I've seen several people suggest using the Transaction Controller
in similar situations but that, unless I'm misunderstanding, gives me the total response time for all the requests in the "transaction" which doesn't help me.
This is what I have setup so far in JMeter:
Which actually works great, I make the initial request to submit the job and extract the job id. In a while loop I check the status of the job using the extracted id every 10 seconds (Constant Timer) until the job is complete.
This is what the aggregate report looks like for 5 concurrent users, I can also make the labels be the same so that it's compacted further but none of this information tells me how long a thread took. From the number of samples I can surmise that half the threads took roughly 10 seconds to complete and the others I can multiply by 10 seconds (sleep timer) and get a rough estimate how long it took to complete but that would be difficult to do (or at least time intensive) for a couple hundred threads.
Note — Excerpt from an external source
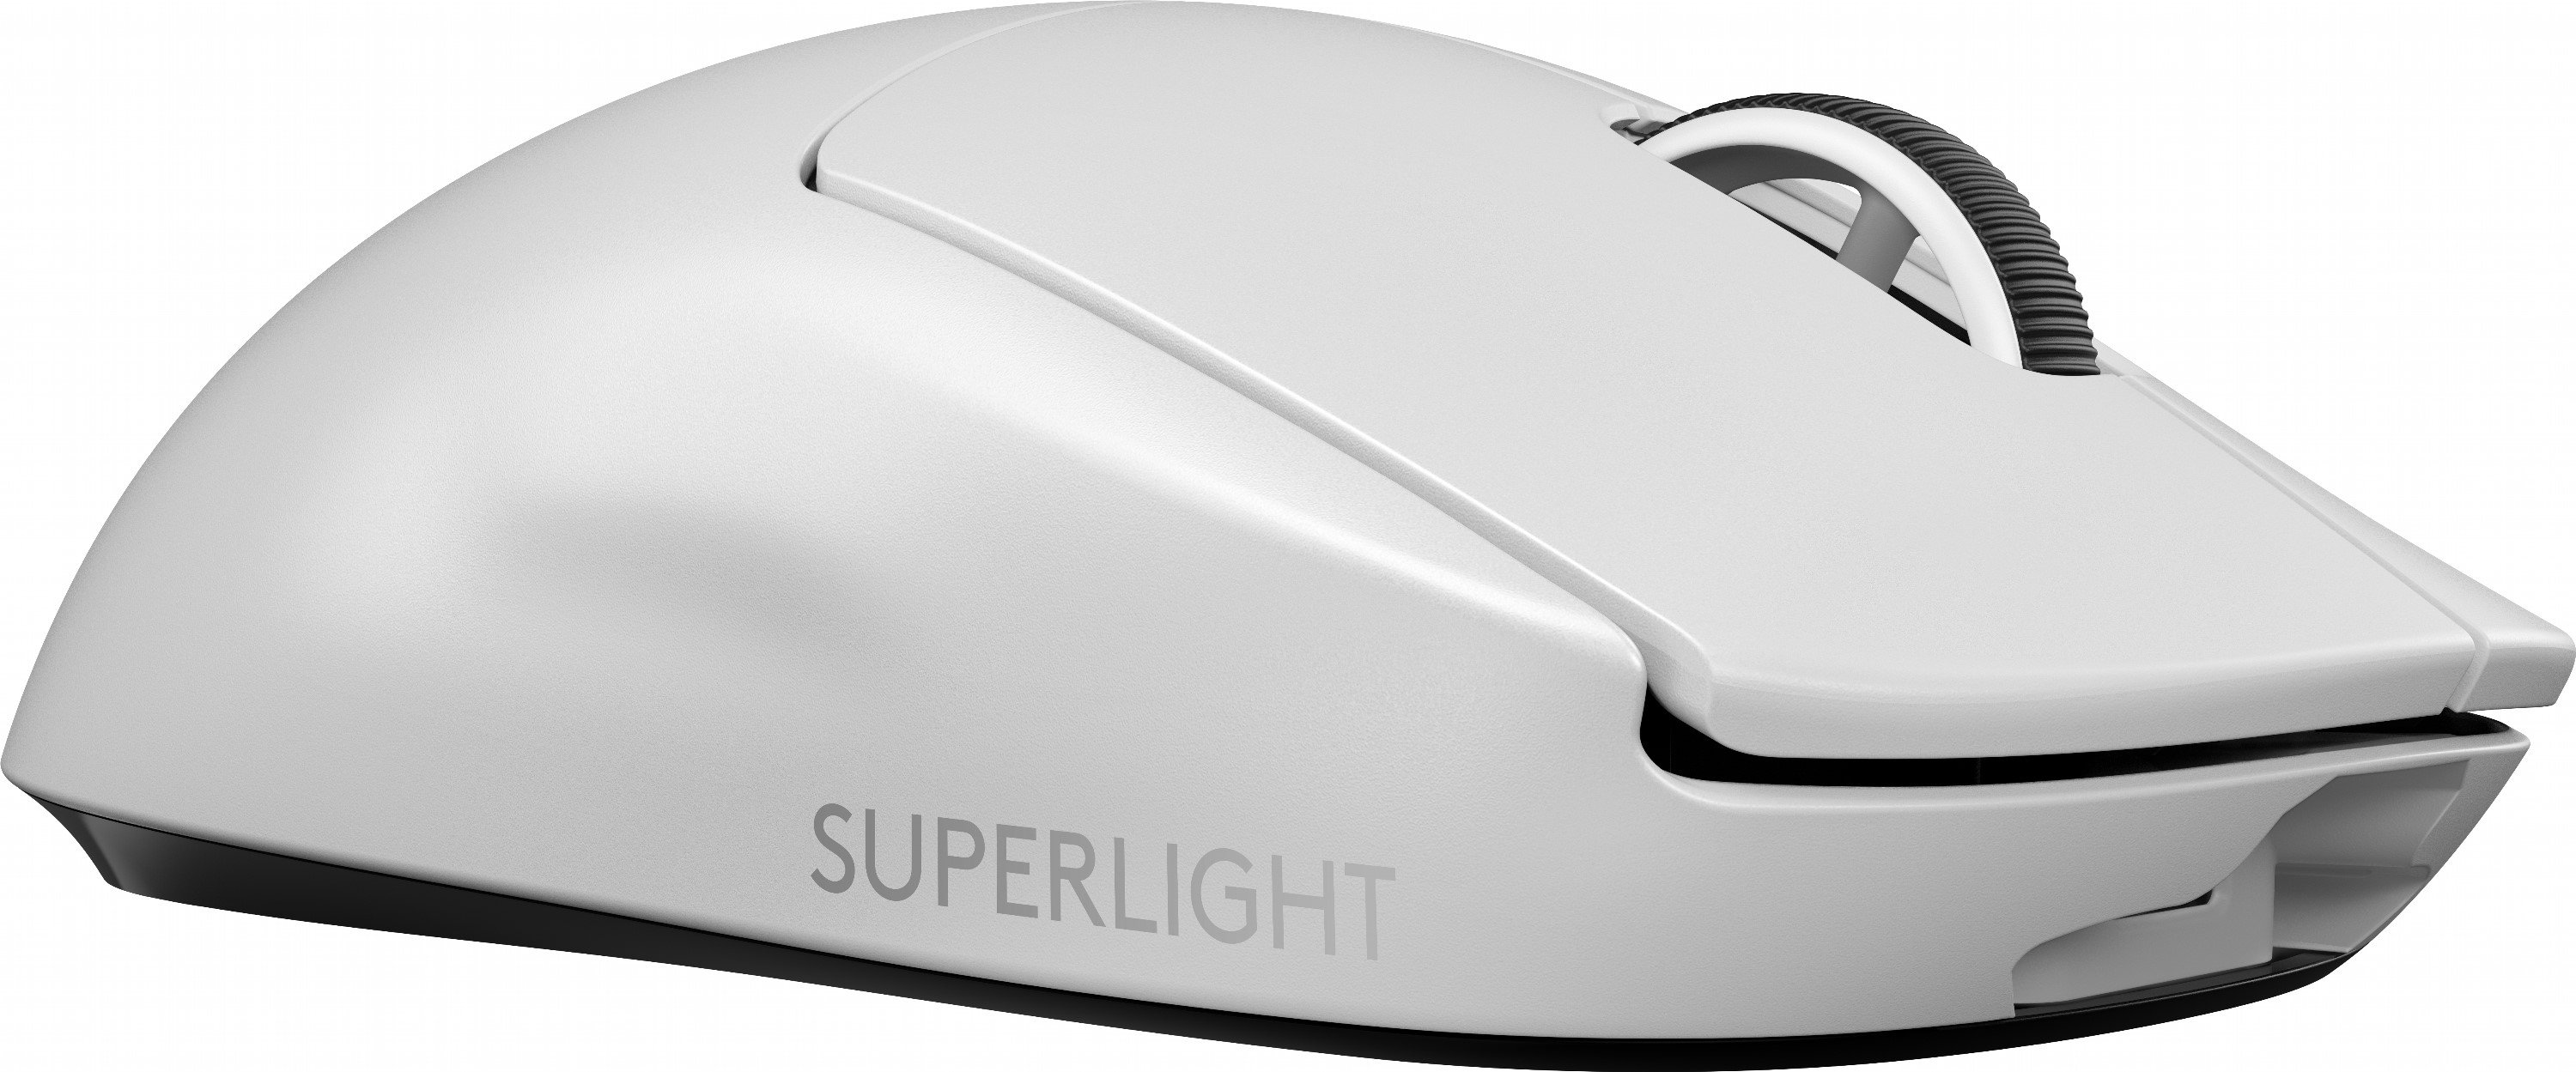 Игровая мышь logitech pro x superlight

I was really hoping JMeter had something out of the box that would give me this information in a nice report format.
I've also seen suggestions that the only way to get this type of information is to parse logs, was just wondering if anyone has solved a similar problem.
Upvotes: 1
Views: 2103
Reputation: 168072
Your question contains the answer, just measure it
Add JSR223 Sampler to the beginning of your Thread Group and put the following code into "Script" area:
SampleResult.setIgnore()
vars.putObject('startTime', System.currentTimeMillis())
the first line tells JMeter to not to store the JSR223 sampler result (as I believe you don't need this) and the second line saves current timestamp into ${startTime}
JMeter Variable
Add another JSR223 Sampler to the end of your Thread Group and use the following code there:
SampleResult.setIgnore()
def end = System.currentTimeMillis()
def start = vars.getObject('startTime')
log.info('Thread ' + (ctx.getThreadNum() + 1) + ' elapsed time: ' + (end - start))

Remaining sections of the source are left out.